OSU VPN (Cisco) for Linux (Debian)

Sometimes you need to access resources on OSU network but you are outside the network, and you are using Linux. OSU provides us Cisco AnyConnect VPN Client 2.4 for Linux, which can be downloaded from the SLS website. However, for Debian users, it is more straightforward to use vpnc to access the VPN, since it’s already in the standard repository. Another reason to use vpnc is that, the software downloaded from SLS is not compatible to my amd64 squeeze, i.e., it doesn’t run on my laptop. After installing vpnc using apt-get install vpnc, there are just few steps before you can connect to the VPN.
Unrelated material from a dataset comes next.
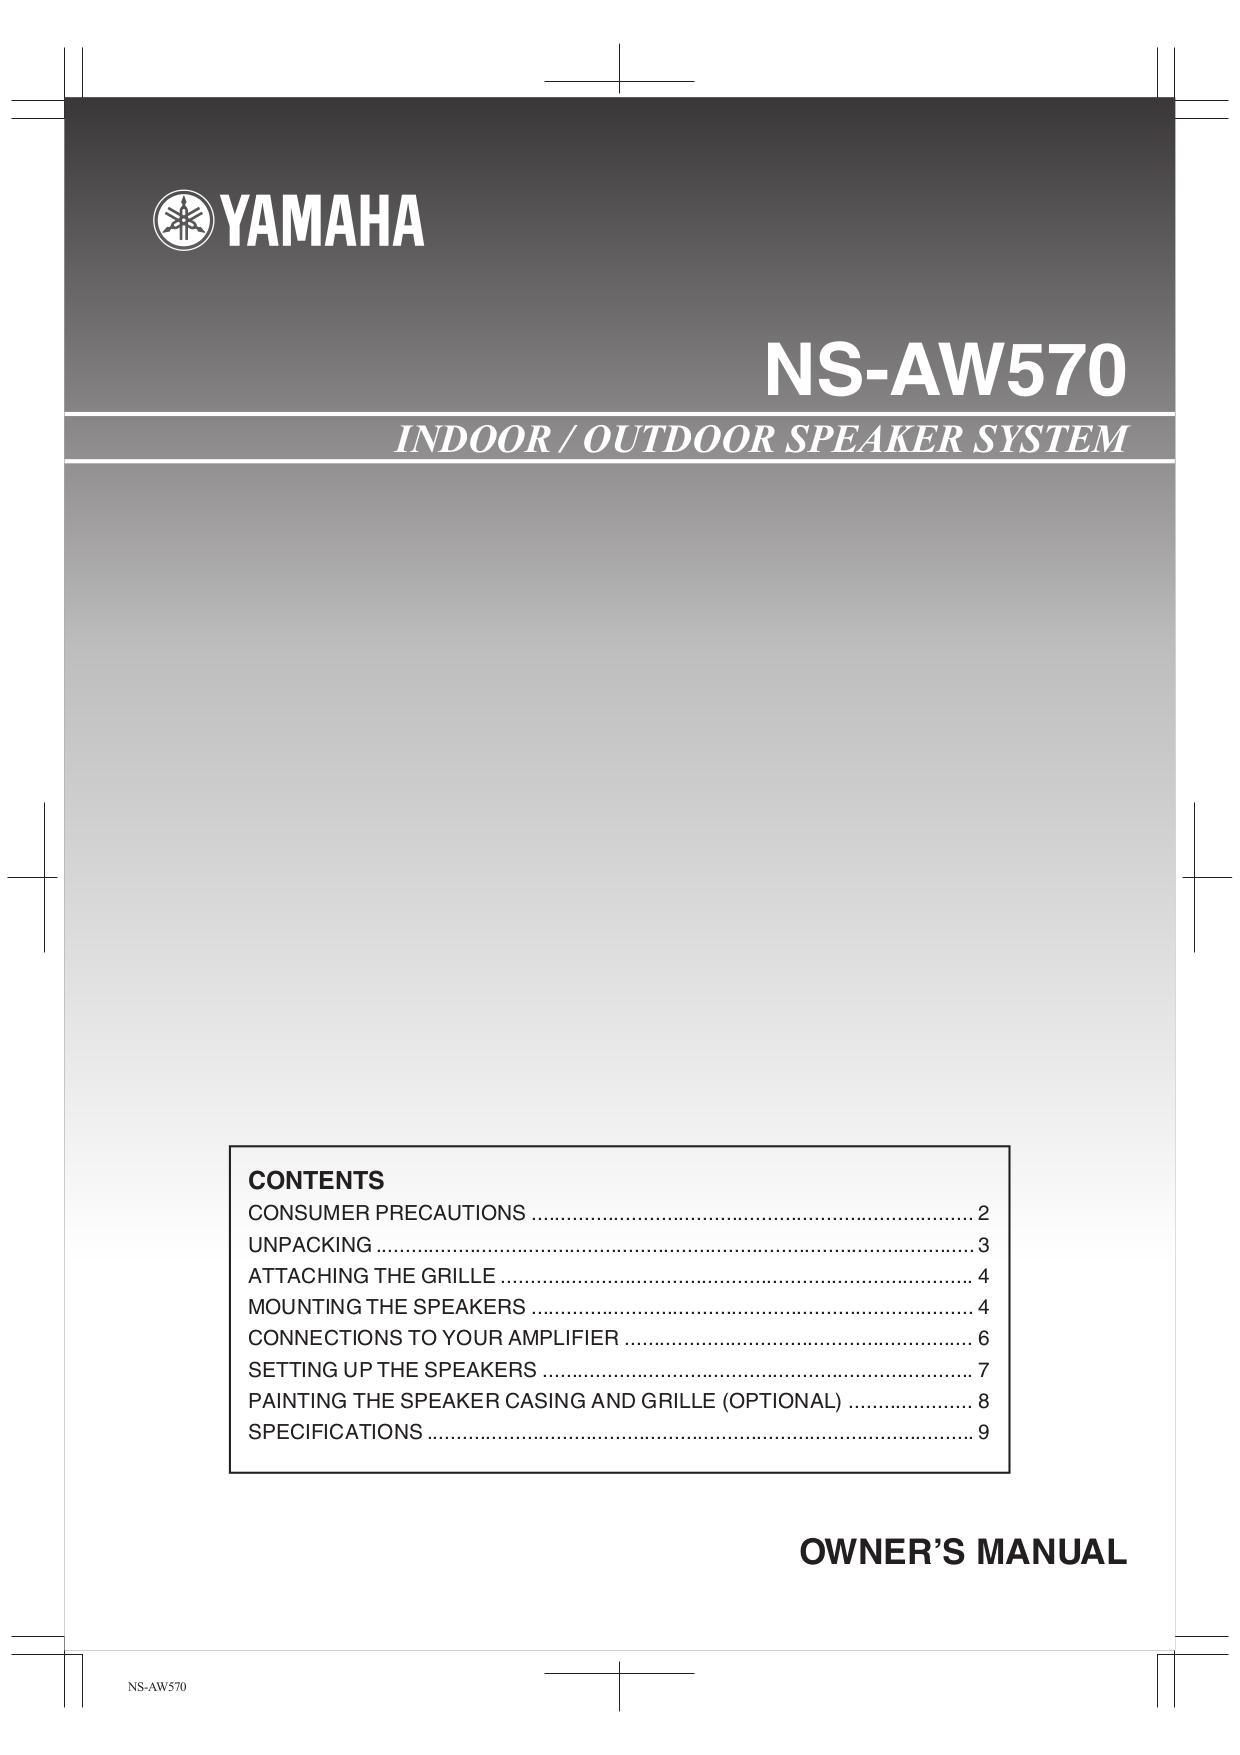 watercad manual pdf free download

No information on the 8help page is provided for the configuration of vpnc, which does not surprise me since Linux is not officially supported by OSU. Peeking at the settings in the Windows version Cicso VPN software will help you to create the corresponding configuration file in /etc/vpnc directory for vpnc. A configuration file (with extension file name .conf) should be created in the directory:

Local Port 0
IPSec gateway vpn.service.ohio-state.edu
IPSec ID <find_it_in_pcf>
IPSec secret <find_it_in_pcf>
IKE Authmode psk
Xauth username <your_osu_username>

IPSec ID is the GroupName field in the PCF file of Cisco VPN client, while the IPSec secret is the GroupPwd field in the PCF file. You can find the PCF file in the directory you installed the Cisco VPN client that OSU provides. GroupPwd is encrypted, but there’s a way to decrypt it, or you can ask OIT.

After filling all relevant information for the configuration file, you can start the VPN by using vpnc <conf_file_name> with root privilege. vpnc will prompt for your password every time when connecting. Warning, although Xauth password can be used to specify your personal credential to the VPN, for security reason, you should not really write it in the configuration file. You can verify the routing table by using route. You should see the tun0 device is added into the routing table for OSU network.

To disconnect from the VPN, use vpnc-disconnect with root privilege. Do not forget to disconnect before suspend/hibernate your laptop.